Keysha menceritakan cerita Shasa..


"Oh, bien sûr que ça va! Vous restez ici pour toujours." (Bu, aku mau minta izin. Boleh tidak Shasa tinggal di sini bersama kita sampai dia bisa mendapatkan uang yang cukup.)


"Vraiment tante! Comme c'est embêtant." (Ohh tentu saja boleh, kenapa Enggak! Kamu tinggal disini sampai kapan pun boleh.)


(Beneran tante! Aduh ngerepotin banget.)


"Oui, vraiment, ma tante est heureuse si cette maison est pleine de monde." (Iya beneran, tante juga senang kalau rumah ini ramai.)


"Merci beaucoup, tante et clé." (Makasih banyak ya, Tante dan Key)


"Oui, de rien, Sha, après tout, vous avez beaucoup aidé ma famille pendant que j'étais à la fac.)


(Iya Sama-sama Sha, toh kamu udah banyak banget membantu keluarga aku selama aku kuliah.)


Setelah lama mengobrol, Shasa manaiki tangga rumah Keysha dan dia masuk ke kamar Keysha. Dia menatap menara Eiffel dari jendela kamar Keysha, dia membayangkan wajah Agil. Dia telah sadar bahwa dia..


"Aku sudah menyadari bahwa aku telah mencintaimu Kak, andaikan waktu dapat di ulang kembali.. aku jauh lebih bisa mengenal kakak yang sangat misterius itu. Kak Agil sekarang aku disini, semoga kita bisa bertemu kembali."


Agil yang saat ini berada di Indonesia pun sedang meratapi hal yang sama..


"Ck.. andaikan kita berdua udah lama saling mengenal, dan sekarang gua sadar gua rindu banget sama Lu. Lu yang membuat hidup gua menjadi lebih baik, Lu bisa menceriakan hidup gua yang sunyi ini. Andaikan waktu bisa di ulang.. agar gue bisa mengenal Lu, melindungi lu, menyayangi lu. Tetapi takdir berkata lain, gua harus berpisah sama Lu semoga kita bisa bertemu."

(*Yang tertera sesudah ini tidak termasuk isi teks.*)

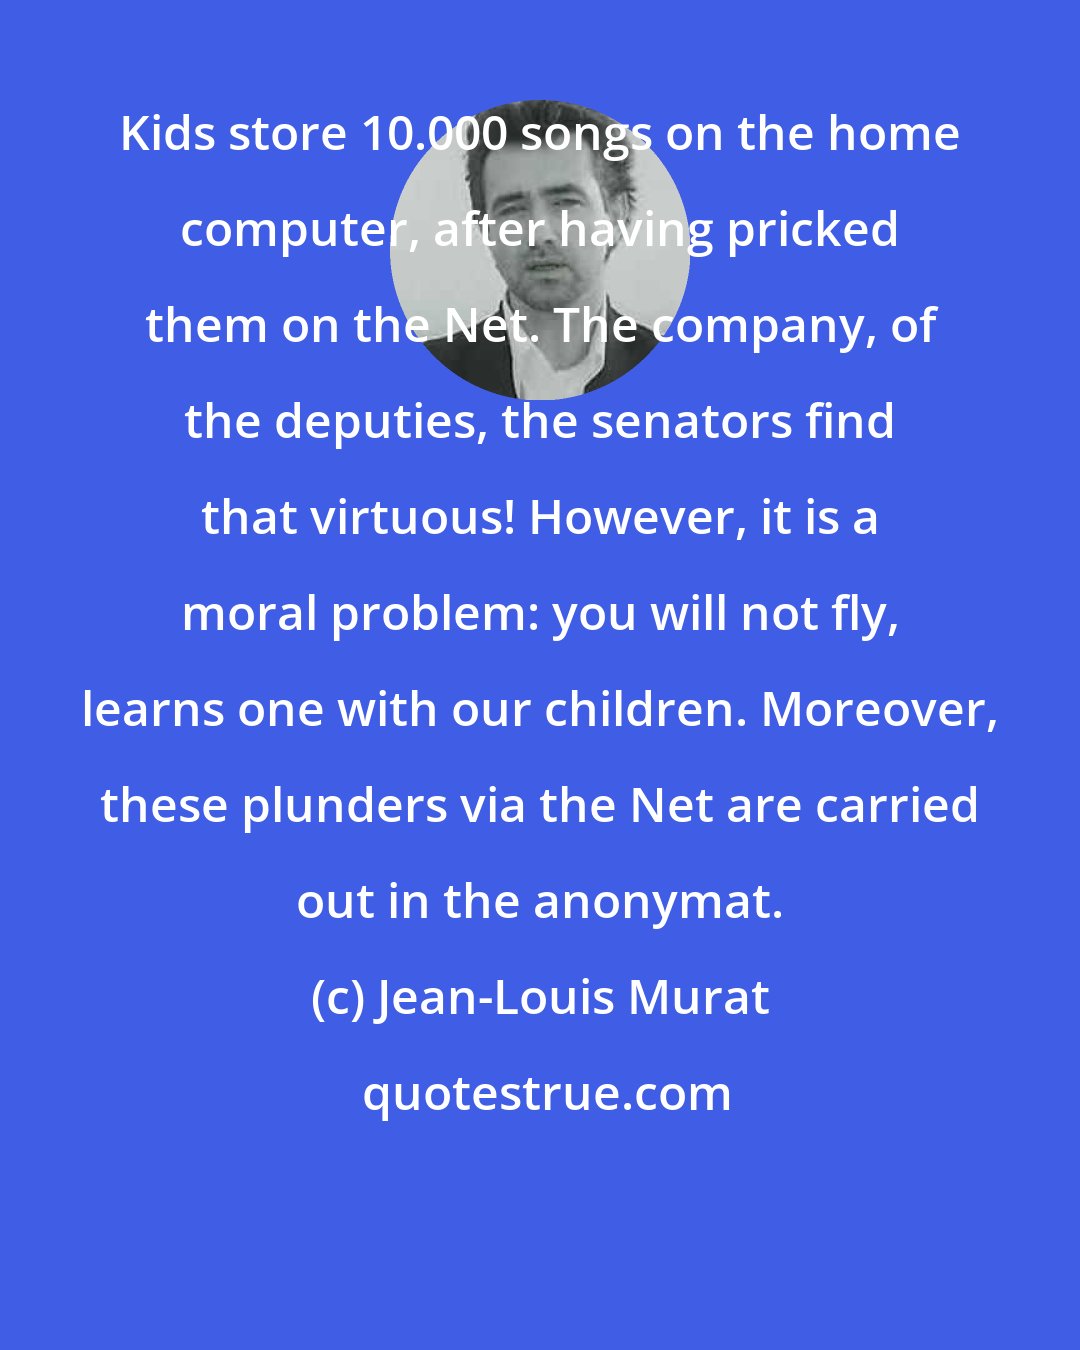 Jean-Louis Murat: Kids store 10.000 songs on the home computer, after having pricked them on the Net. The company, of the deputies, the senators find that virtuous! However, it is a moral problem: you will not fly, learns one with our children. Moreover, these plunders via the Net are carried out in the anonymat.

Saat inilah dia berniat menggunakan hijab untuk menutup auratnya. Setiap hari di Prancis Shasa bekerja keras dari sini dia bekerja di bidang yang dia sukai yaitu mendesign barang apapun dan kemasan apapun. Begitu pun dengan Agil, dia selalu bersemangat untuk meraih kariernya karena tujuannya itu hanya ingin berdiri disamping dan melindungi Shasa. Maka dari itu Agil selalu bekerja keras berjuang demi orang yang akan menjadi bagian dari hidupnya nanti.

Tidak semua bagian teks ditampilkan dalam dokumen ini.